2.2. NMR and MD Study of Crocin Interaction with LA Micelles and DMPC/DHPC Bicelles

To shed light on the mechanism of crocin bioactivity, including antioxidant activity, it is important to understand its ability to form mixed micelles or vesicles with lipid molecules as well as the crocin location in the lipid membrane. To answer these questions, in the present study, we have applied a 1H-NMR selective gradient NOESY technique and a molecular dynamics simulation. Note, that the intensities of the cross-peaks in the NOESY spectrum are extremely sensitive to the distance between interacting protons. We observed the appearance of a cross-peak in the NOESY spectrum if the distance between the nuclei was less than 0.5 nm. Thus, the arrangement of crocin molecules in the lipid micelle or membrane could be determined.
In the present work, we used linoleic acid (LA) to study the mixed micelles of crocin with lipids and as the model for lipid peroxidation and the bicelles DMPC/DHPC to study the crocin interaction with lipid membranes (Figure 4).
Figure 5 shows the presence of a cross-peak in the sNOESY spectrum between the crocin =CH– protons (saturated protons) and the -CH2– protons of LA, which indicate their location in the same self-associate. In the next paragraph (Section 2.3), these mixed micelles will be used as a model to study the influence of crocin on metal-induced lipid peroxidation. We assume that the configuration of crocin in mixed micelles with LA is similar to that previously proposed for the crocin molecule included in the SDS and STAB micelles [13]. In that study, the authors suggested that the presence of CTAB significantly changed the aggregation phenomenon of crocin due to the complete solubilization and incorporation of crocin into the CTAB and led to the formation of mixed micelles having a wicket-like conformation.
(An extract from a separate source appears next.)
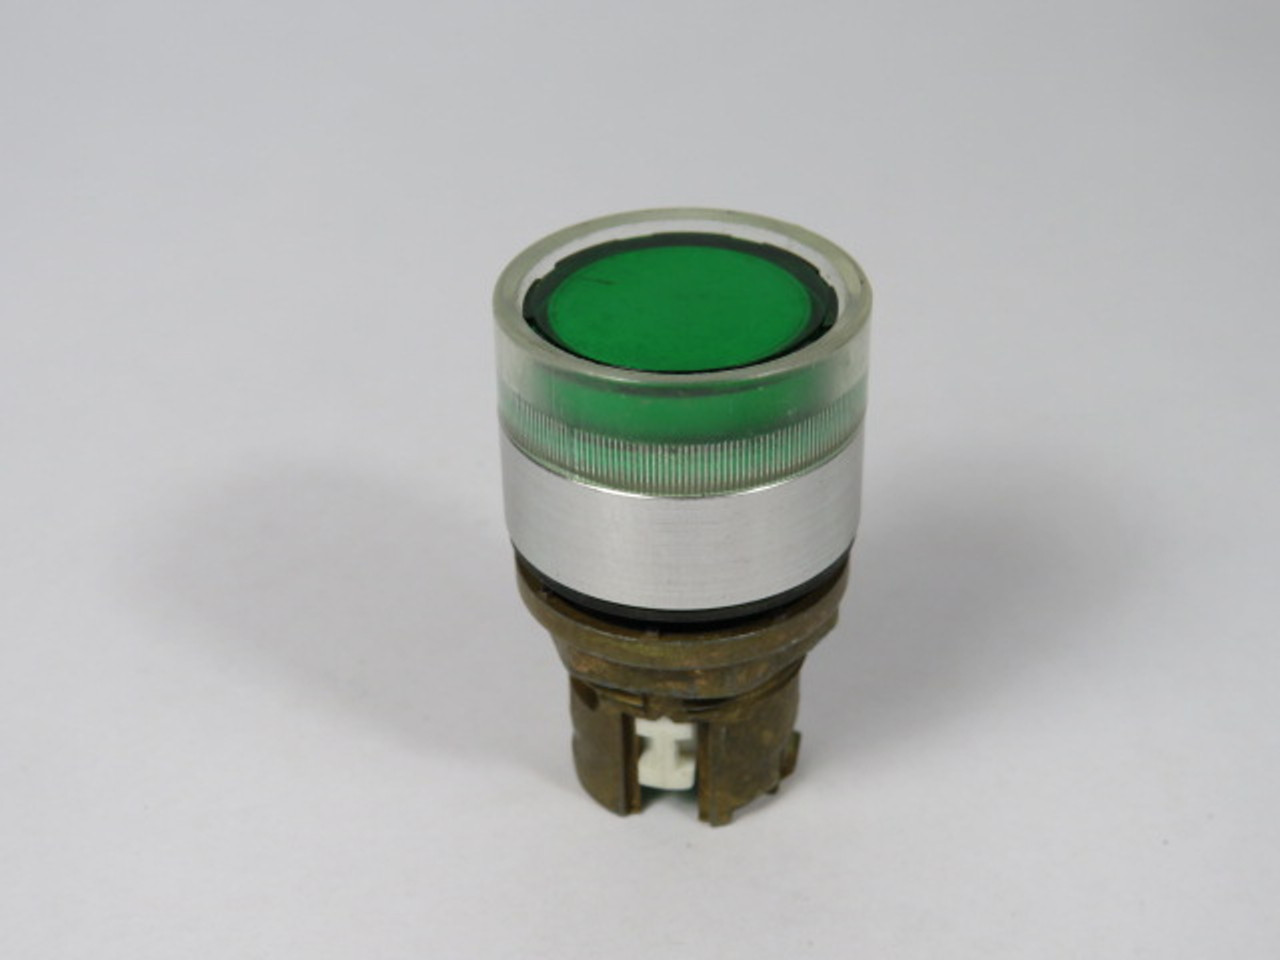 Allen-Bradley 800EM-LF3 Green Push Button Operator Only USED

In the present paper, we deal with mixed micelles, which are large enough and can contain different ratios of molecules in each micelle. So, it is hard to speculate on the exact structure of the self-associates. In the case of linoleic acid micelles, we can assume that the crocin molecule bends in such a way that the sugar fragments are located outside the micelle, and the hydrophobic part is inside. This structure can be inferred from the NOESY data since we observed cross-peaks between the –CH= protons of crocin and the CH2 protons of linoleic acid, but we did not observe cross-peaks between the –CH= protons of crocin and the terminal CH3 protons of linoleic acid, which would be expected if the crocin molecule was unfolded and pierced the linoleic acid micelle.
Similar effects have been observed for crocin interaction with the model lipid bilayer—bicelles DMPC/DHPC in PBS buffer solution. The presence of cross peaks with the –CH2– protons of lipids indicates the location of the hydrophobic chain of crocin inside the lipid bilayer (Figure 6a). The cross-peak at ~2 ppm corresponds to an intramolecular interaction with crocin methyl protons, which are spatially close to saturated crocin =CH– protons. But we do not observe cross-peaks between the CH protons of crocin and the terminal CH3 protons of the phospholipid, which would be expected if the crocin molecule penetrated the center of the lipid bilayer.
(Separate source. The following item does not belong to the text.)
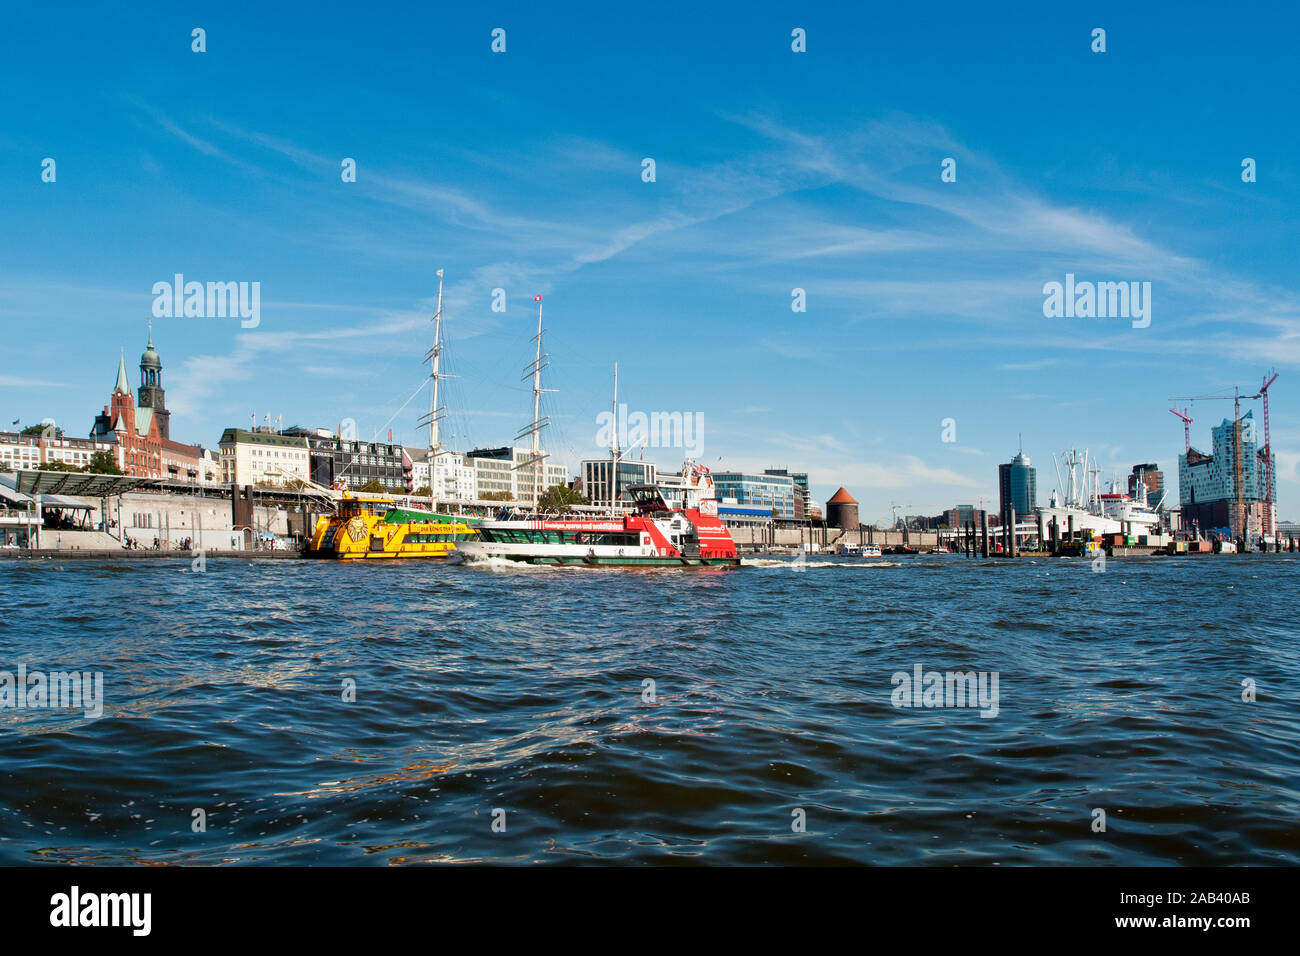 Blick auf die Landungsbrücken im Hamburger Hafen |Guarda i Ponti di Sbarco del porto di Amburgo| Foto Stock

When glycyrrhizic acid was added to the system, the additional cross-peak between the crocin =CH– protons and the lipid N+(CH3)3 protons appeared, while the cross-peak between the crocin =CH– protons and the lipid CH2-protons remained (Figure 6b). This means that in the presence of GA, crocin is slightly shifted to the bilayer surface but stays immersed in the hydrophobic part of the bilayer. We suppose that the mobility of the CH-chain of crocin increases in the presence of GA, which leads to a freer movement of the investigated protons closer to the surface and back deeper into the bilayer. However, from the experimental data, we can only say unambiguously that some fraction of –CH= protons appears closer to the bilayer surface, which leads to the appearance of cross-peaks between the –CH= protons of crocin and the N+(CH3)3 protons of lipids. The influence of GA on phospholipid membranes has been studied in detail in our earlier works (see review [29] and refs therein).
This experimental result, namely the location of the hydrophobic chain of crocin inside the lipid bilayer, was also confirmed by MD simulations. Figure 7 illustrates the localization of the crocin molecule in the model DMPC membrane. One can see that hydrophilic groups of crocin (atoms 1 and 2 in Figure 7) are located near the surface of the membrane, but the hydrophobic chain (atom 3) penetrates deeper into the polar region of the lipid bilayer and is located near the phospholipid acyl chain but does not make contact with the terminal CH3-groups of the lipid. The lipid bilayer is centered at the center of the box.
Based on the sNOESY experimental data and the MD calculations, we assume that the crocin molecule in the lipid bilayer has a curved shape, as earlier suggested by Khan and coauthors for crocin molecules incorporated into CTAB micelles [13]. Since in the lipid membrane, the crocin molecule changes its form to a U-shape (see Figure 8), the sugar fragments become not equivalent. Therefore, atoms 1 and 2, which stay in symmetric positions outside the membrane, show the three distribution peaks shown in Figure 7. The conclusions about the shape of the crocin molecule are made on the basis of observed NOE signals. When the crocin –CH= protons were saturated, NOE signals of the phospholipid CH2 protons were observed. However, we did not observe cross-peaks between the –CH= protons of crocin and the terminal CH3 protons of the phospholipid, which would be expected if the crocin molecule were in an unfolded form. We also confirmed the curved form of the crocin molecule by MD simulations (see Figure 8). Note, the U-shape is a characteristic form for bolaamphiphiles like the crocin molecule.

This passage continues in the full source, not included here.